Судя по учтивому тону и поведению, прислужники гарема занимали не последние должности в иерархии Калкиных прихвостней.

Как-то Фил обмолвился, что за его матерью в гареме присматривали скопцы. Только им позволялось любоваться на избранниц жрецов.

— Ее давно ждут, — пробормотал привратник и трижды постучал в дверь рукоятью сабли.

— Введите! — послышался мелодичный голос самой Амулы.

Похоже, никто в пирамиде не сомневался, что я соглашусь приехать. И уже приготовили прием. Страшно представить, что может взбрести в голову избалованным жрецам-сластолюбцам.

— Входи, не стой на пороге! — произнесла Амула через приоткрытую дверь.

Сама наружу не вышла. Наверняка ей, как и другим обитательницам гарема, не разрешалось видеться с посторонними мужчинами.
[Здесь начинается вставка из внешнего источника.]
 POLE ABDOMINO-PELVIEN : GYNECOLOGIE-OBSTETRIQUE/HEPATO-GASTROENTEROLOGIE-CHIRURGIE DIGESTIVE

Скопцы в расчет не идут, разумеется.

Я нерешительно вошла в покои. После яркого света коридора глаза не сразу привыкли к царившему полумраку. «Будуар» повелительницы гарема освещался ароматизированными свечами, отраженными во множестве зеркал, установленных по периметру комнаты.

— Здрасьти, — неохотно поздоровалась я.

Почувствовала, как ноги утопают в мягком ворсе ковра. Давно мои огрубевшие ступни не касались ничего подобного.
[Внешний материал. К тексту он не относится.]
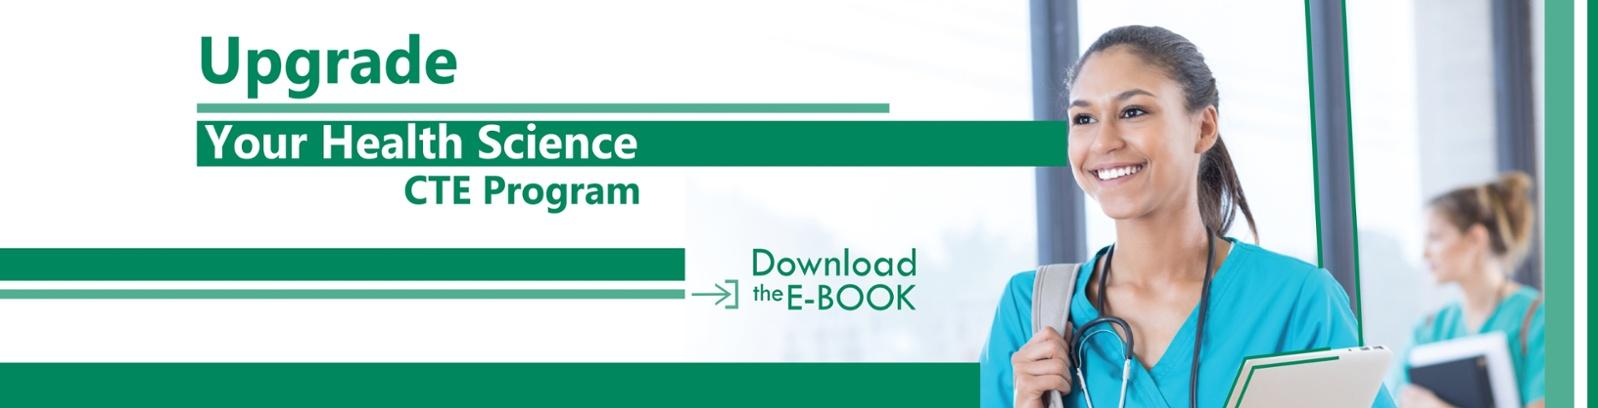 Download the CTE Program Ebook

— Проходи, присаживайся, — тон Амулы был любезным, но в нем не было ни капли тела или участия. Скорее равнодушие и плохо скрываемое презрение.

Я плюхнулась на ту кушетку, что стояла ближе, и придирчиво обвела взглядом комнату.
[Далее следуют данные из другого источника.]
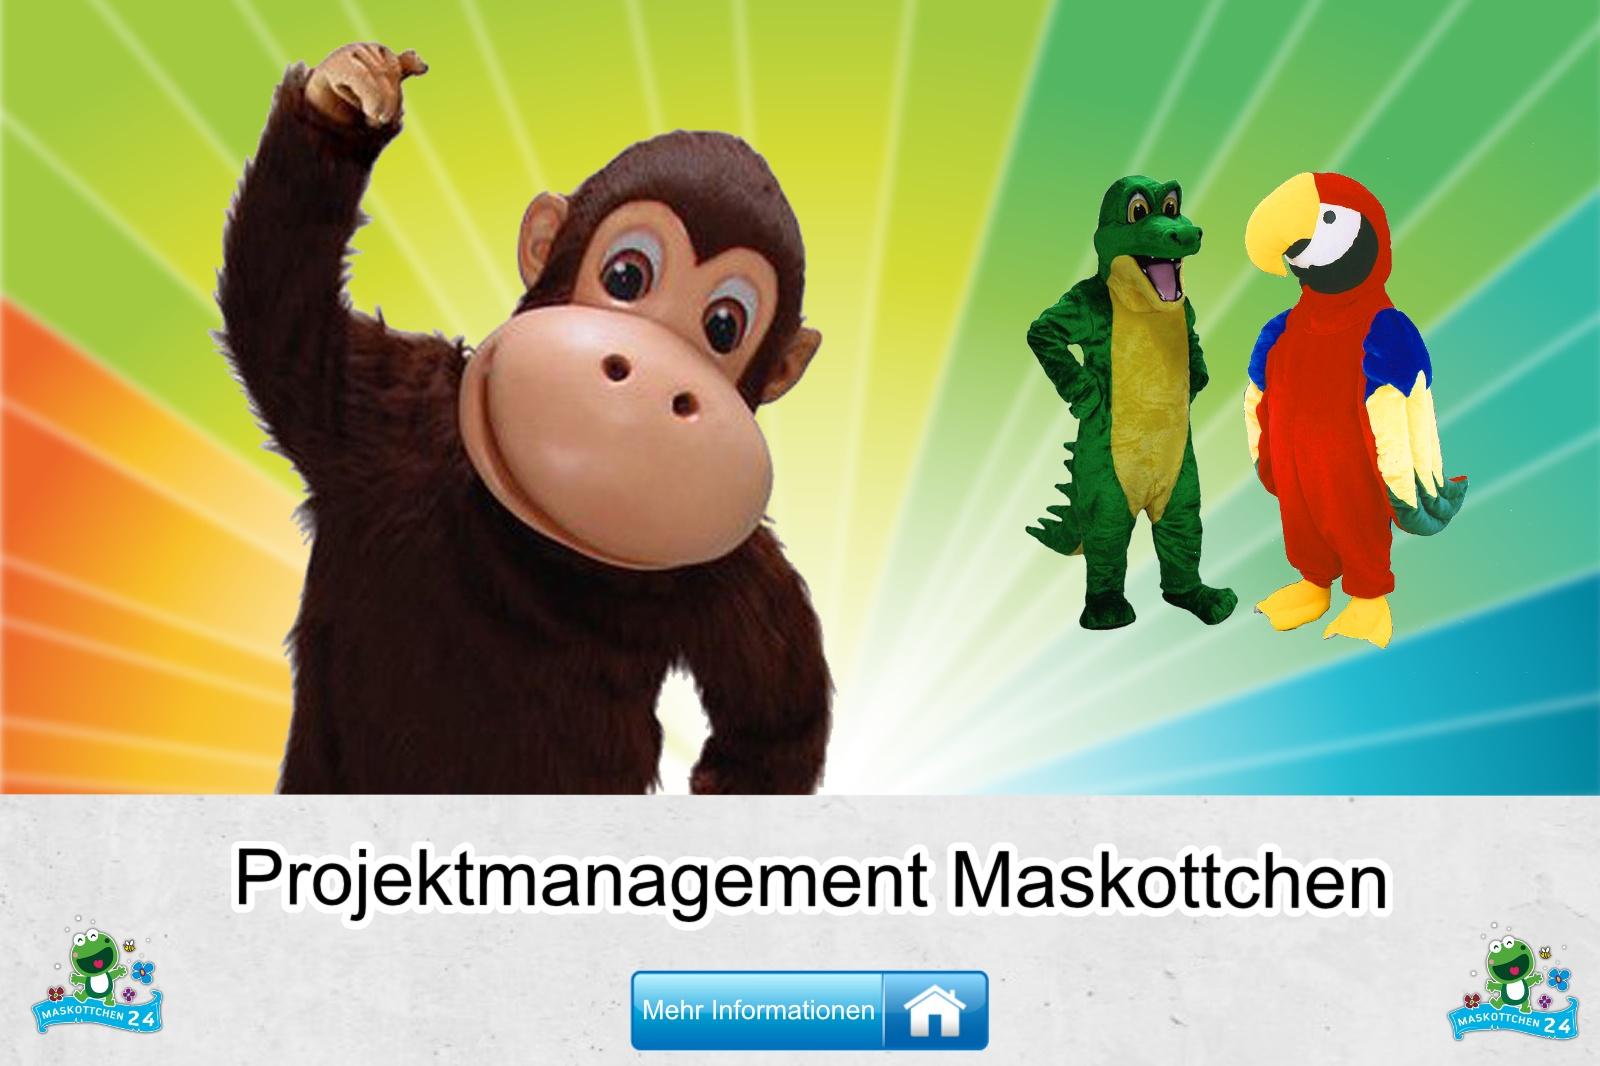 Projektmanagement Maskottchen Kostüm kaufen, günstige Produktion / Herstellung

— Красиво тут у тебя. Богато.

Небольшую уютную комнату заполняла старинная мебель из окованного железом дерева. Помимо зеркал, стены украшали картины в золоченых рамках. На них, сплетясь в причудливых позах, застыли во времени вечные любовники — плоды неудержимой эротической фантазии мастеров ушедшей эпохи.

Хозяйка комнаты, полуобнаженная и прекрасная, сидела на низкой софе. Рядом с ней, на резном столике с коваными ножками, стояли кувшины, пустой калебас и целое блюдо сладостей. До безумия похожих на сухофрукты из моего мира. Оставалось только гадать, что это за дрянь на самом деле.

Амула смерила меня презрительным взглядом, схватила со стола веер и принялась лениво обмахиваться.

— Советую быть со мною полюбезнее, — посоветовала она. — От меня зависит твое будущее. Наши повелители доверяют Амуле в вопросе воспитания достойных жен. Не понравишься мне — не понравишься им.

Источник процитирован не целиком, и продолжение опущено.